The interlinked nature of our ecosystems means that the work done to meet one goal is often likely to have beneficial outcomes for another. So a landscape-focused approach to tackling deforestation will also help us meet our new goal of protecting and restoring 1 million hectares of natural ecosystems.

Take our existing landscapes programmes in the provinces of Aceh, North Sumatra, Riau and Central Kalimantan in Indonesia, and Sabah, Malaysia. Through these sustainability initiatives, we have already helped to protect 290,000 hectares of forests and land within South-East Asia. This is something we hope to replicate elsewhere.

Similarly, the way we deliver our regenerative agriculture goal will impact our sustainable sourcing target. Our existing regenerative agriculture programme will help us implement regenerative farming practices across 1 million hectares of farmland. The programme also outlines the Unilever Regenerative Agriculture Principles (RAPs) (PDF 8.34 MB), which feed into our sustainable sourcing programme to help deliver our goal of 95% (by volume) of 12 key crops being verified as sustainable by 2030.

Our updated goals focus on areas where we know we can deliver a significant impact, while still stretching ourselves to deliver the best possible outcome for nature.

Willem Uijen, Chief Procurement Officer

Working together to restore the natural balance

Collaboration will be vital to our success, especially on the ground. We can’t meet these goals without the support of the smallholders and communities whose livelihoods depend upon the landscapes our crops are grown in.

We will help smallholders increase their incomes through certification programmes and income growth programmes aimed at improving crop yields. These ‘smartmix’ interventions can include diversification of income streams, access to credit and labour-saving tools. We’ve helped cocoa farmers secure the rights to their land and supported agroforestry projects in Côte D’Ivoire. We’ve also found ways to help independent smallholder farmers, by sourcing directly from smallholders and supporting their efforts to grow other crops too.

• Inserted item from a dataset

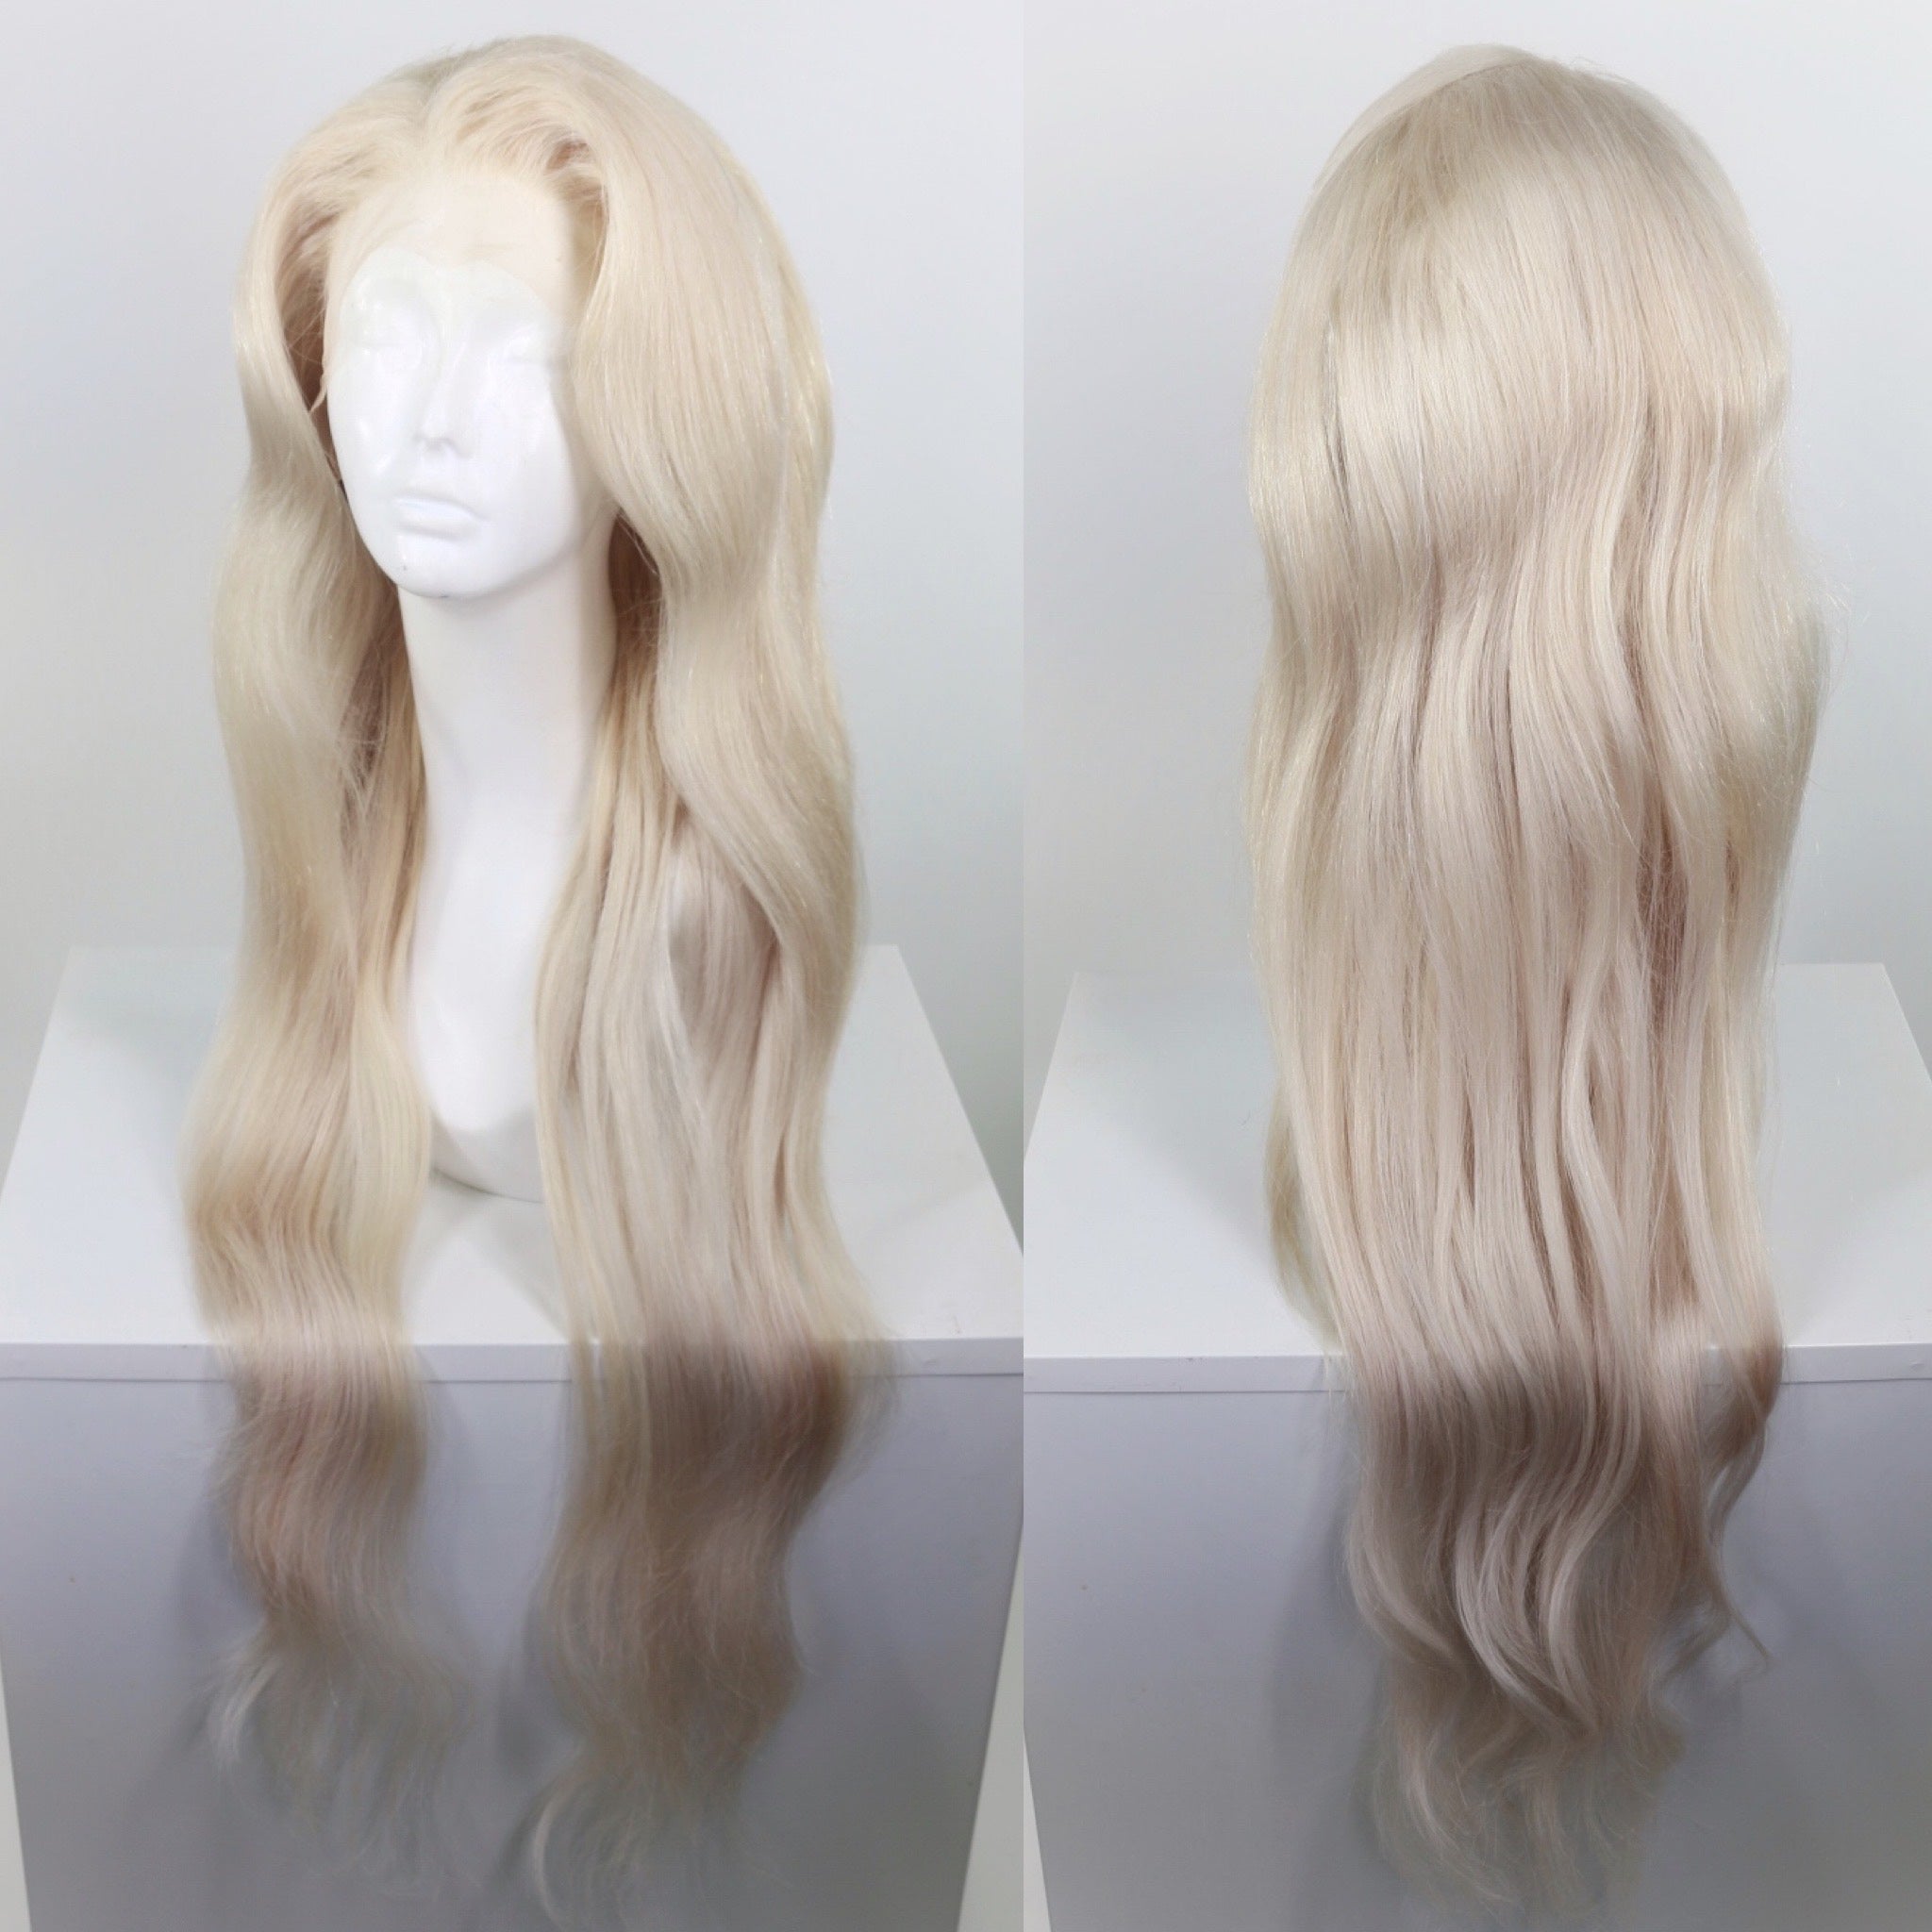 Wig Lace Tape | Lace Glue | Human Hair Wigs - Shop Will Beauty

Partnerships to protect nature

To generate change, we will need strong partnerships. Our collective ability to build a sustainable future relies on collaboration with those who share our values and ambition. With our suppliers, we have set clear requirements in our People & Nature Policy (PDF 2.04 MB) to protect forest-related commodities and promote human rights.

We must work closely with governments to encourage and support political leadership, and we need stronger action from businesses and our peers. As seen in our landscapes programmes, by working with NGOs we can develop scalable solutions for common problems, pilot multi-stakeholder approaches and share lessons learnt to help transform the industry.

Men harvesting palm oil

Investing in nature

More than half of the world’s total GDP, equal to $44 trillion of economic value generation (PDF 6 MB), is moderately or highly dependent on nature and its services. At Unilever we recognise that our business cannot exist without functioning natural systems. To harness the environmental and social solutions that nature provides and preserve the essential natural resources we all rely on will require a radical shift in our collective mindset.

Our new nature goals acknowledge the role we must play in rebalancing our ecosystems and will help us act together to make sustainability commonplace.